Bantu bonse balikumwinshiba Yesu, ne batukashi basa balamukonkela baku Galileya, balemana patali kababona byonse byalenshika.
50 En zie, een man, met name Jozef, zijnde een raadsheer, een goed en rechtvaardig man,
Kwalikuba muntu walikukwiweti Yosefe walikwikala mumushi wa Alimateya mucishi ca Yudeya. Walikuba umo wamulibunga lya Nkuta inene ya Bayuda, walikuba muntu uli cena walemekwa
51 (Deze had niet mede bewilligd in hun raad en handel) van Arimathea, een stad der Joden, en die ook zelf het Koninkrijk Gods verwachtte;
nendi wali kupembelela kwisa kwa Bwami bwa Lesa.
52 Deze ging tot Pilatus, en begeerde het lichaam van Jezus.
Uyu muntu walaya ku musenga Pilato citumbi ca Yesu.
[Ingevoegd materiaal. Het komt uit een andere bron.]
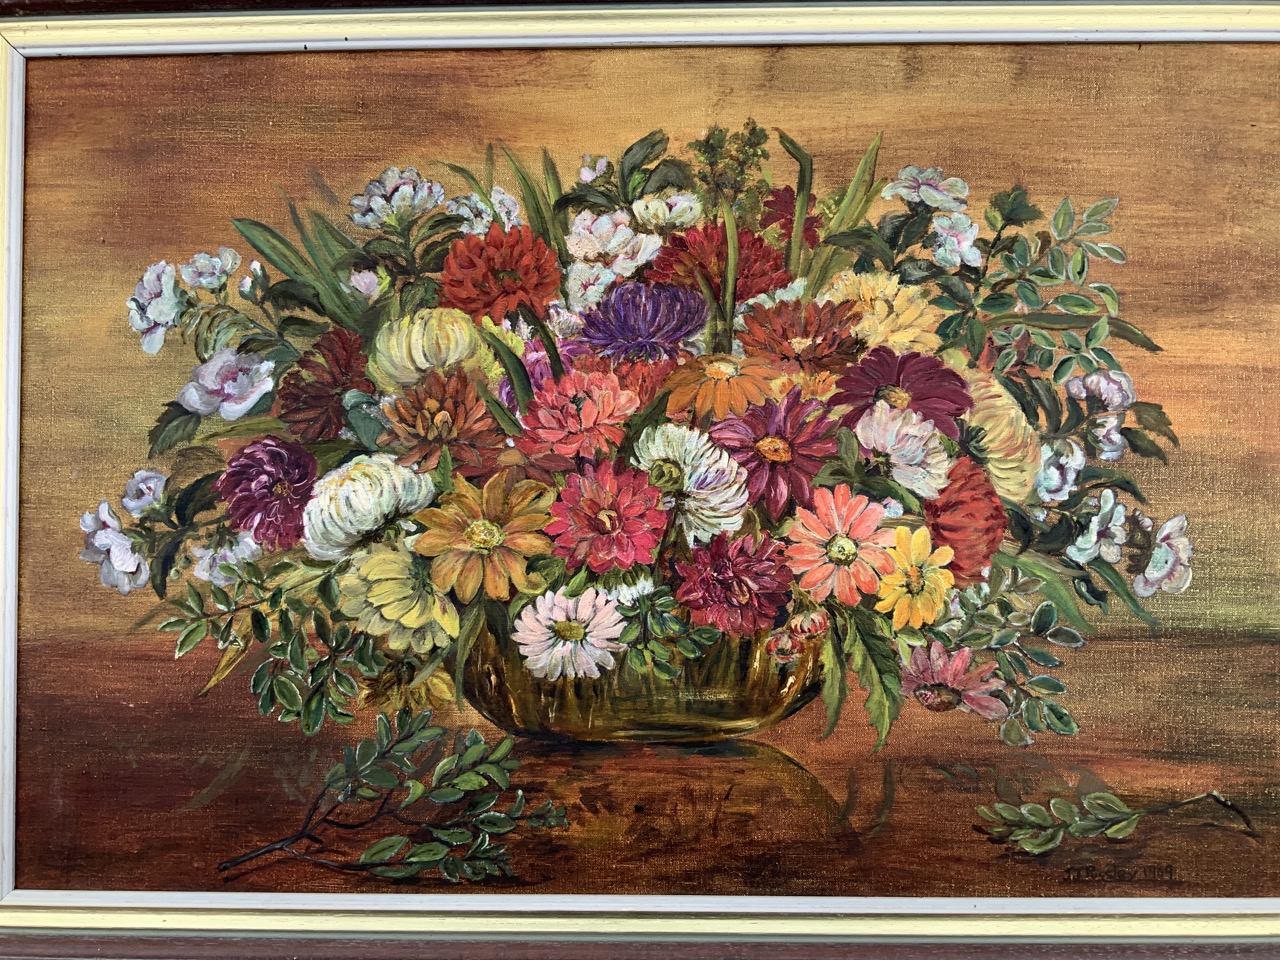 Jennifer J Pugsley, oil on canvas, still life with bright flowers in vase, signed and framed. (

53 En als hij hetzelve afgenomen had, wond hij dat in een fijn lijnwaad, en legde het in een graf, in een rots gehouwen, waarin nog nooit iemand gelegd was.
Lino walaselusha citumbi palusanda ne kupombela mucikwisa caina, walamubika mu cumbwe ca mulibwe umo mwalikuba mutana mubikwapo muntu uliyense.
54 En het was de dag der voorbereiding, en de sabbat kwam aan.
Bwalikuba busuba bwakulibambila pakwinga busuba bwa Sabata bwalikuba pepi kutatika.
55 En ook de vrouwen, die met Hem gekomen waren uit Galilea, volgden na en aanschouwden het graf, en hoe Zijn lichaam gelegd werd.
Batukashi baku Galileya basa balikukonkela Yesu balaya ne Yosefe akubona cumbwe mwalabika citumbi ca Yesu.
56 En wedergekeerd zijnde, bereidden zij specerijen en zalven; en op den sabbat rustten zij naar het gebod.
Balabwelela ku ng'anda a kubamba mafuta anunkila cena. Lino pabusuba bwa Sabata, balapumwina kwelana ne Milawo Lesa njalapa Mose.